Because cladribine is cytotoxic, special handling and disposal instructions should be followed.

MAVENCLAD has been approved in over 50 countries, including the European Union (EU), Canada, Australia and Switzerland, for various relapsing MS indications. Visit www.MAVENCLAD.com for more information.

IMPORTANT SAFETY INFORMATION

BOXED WARNING: MALIGNANCIES and RISK OF TERATOGENICITY

    --  Treatment with MAVENCLAD may increase the risk of malignancy. MAVENCLAD
        is contraindicated in patients with current malignancy; evaluate the
        benefits and risks of the use of MAVENCLAD on an individual patient
        basis for patients with prior or increased risk of malignancy.
    --  MAVENCLAD is contraindicated for use in pregnant women and in women and
        men of reproductive potential who do not plan to use effective
        contraception because of the potential for fetal harm.

CONTRAINDICATIONS

    --  current malignancy.
    --  pregnancy, and women and men of reproductive potential who do not plan
        to use effective contraception during MAVENCLAD dosing and for 6 m after
        the last dose in each treatment course.
    --  human immunodeficiency virus (HIV).
    --  active chronic infections (e.g., hepatitis or tuberculosis).
    --  history of hypersensitivity to cladribine.
    --  breastfeeding while taking MAVENCLAD and for 10 days after the last
        dose.

DOSING CONSIDERATIONS: After the completion of 2 treatment courses, do not administer additional MAVENCLAD during the next 2 years. The risk of malignancy with reinitiating MAVENCLAD more than 2 years after completion of 2 treatment courses has not been studied.
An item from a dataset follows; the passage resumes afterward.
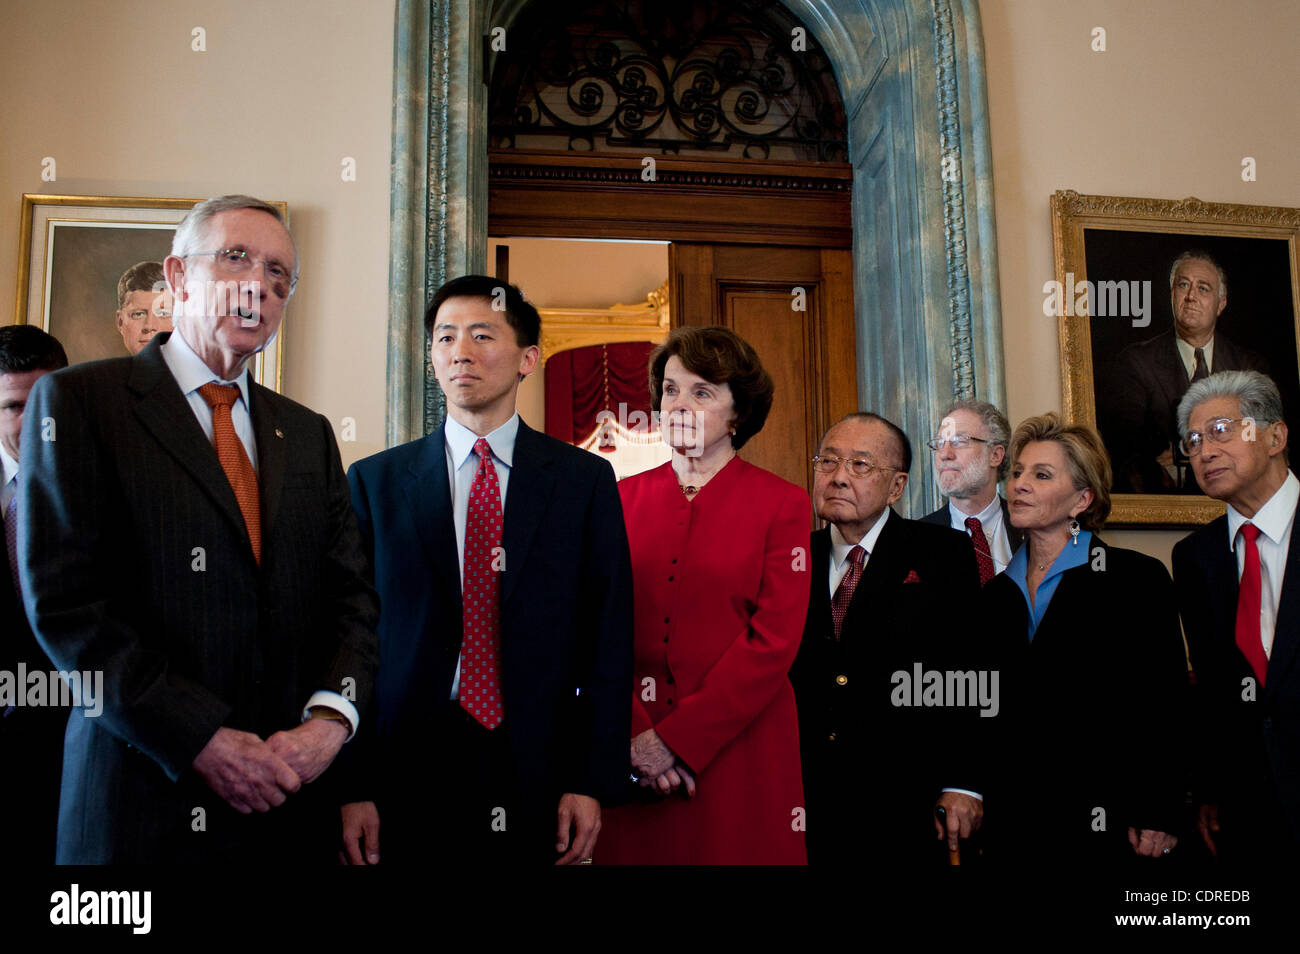 May 18, 2011 - Washington, District of Columbia, U.S. - Majority Leader HARRY REID (D-NV) along with Senators DIANNE FEINSTEIN (D-CA), DANIEL INOUYE(D-HI), BARBARA BOXER (D-CA) and DANIEL AKAKA (D-HI) appear with appeals court nominee GOODWIN LIU at a press conference on Wednesday. The Senate is sch Stock Photo

ADDITIONAL WARNINGS AND PRECAUTIONS

    --  Lymphopenia: In clinical studies, 87% of MAVENCLAD-treated patients
        experienced lymphopenia. Concomitant use of MAVENCLAD with hematotoxic
        drugs may increase the risk of adverse reactions because of the additive
        hematological effects. Monitor lymphocyte counts before and during
        treatment, periodically thereafter, and when clinically indicated.
    --  Infections: Infections occurred in 49% of MAVENCLAD-treated patients
        compared to 44% of patients treated with placebo in clinical studies.
        The most frequent serious infections included herpes zoster and
        pyelonephritis. Single fatal cases of tuberculosis and fulminant
        hepatitis B were reported in the clinical program. Administer
        live-attenuated or live vaccines at least 4 to 6 weeks prior to starting
        MAVENCLAD. Screen patients for latent infections; consider delaying
        treatment until infection is fully controlled. Vaccinate patients
        antibody-negative to varicella zoster virus prior to treatment. Monitor
        for infections.
    --  Hematologic Toxicity: Mild to moderate decreases in neutrophil counts,
        hemoglobin levels, and platelet counts were observed. Severe decreases
        in neutrophil counts were observed in 3.6% of MAVENCLAD-treated
        patients, compared to 2.8% of placebo patients. Obtain complete blood
        count (CBC) with differential including lymphocyte count before and
        during treatment, periodically thereafter, and when clinically
        indicated.
    --  Risk of Graft-versus-Host Disease With Blood Transfusions: Irradiation
        of cellular blood components is recommended.
    --  Liver Injury: Obtain liver function tests prior to treatment.
        Discontinue MAVENCLAD if significant injury is suspected.
    --  Hypersensitivity: In clinical studies, 11% of MAVENCLAD-treated patients
        had hypersensitivity reactions, compared to 7% of placebo patients.
        Serious hypersensitivity reactions occurred in 0.5% of MAVENCLAD-treated
        patients, compared to 0.1% of placebo patients. If a hypersensitivity
        reaction is suspected, discontinue treatment. Do not use MAVENCLAD in
        patients with a history of hypersensitivity to cladribine.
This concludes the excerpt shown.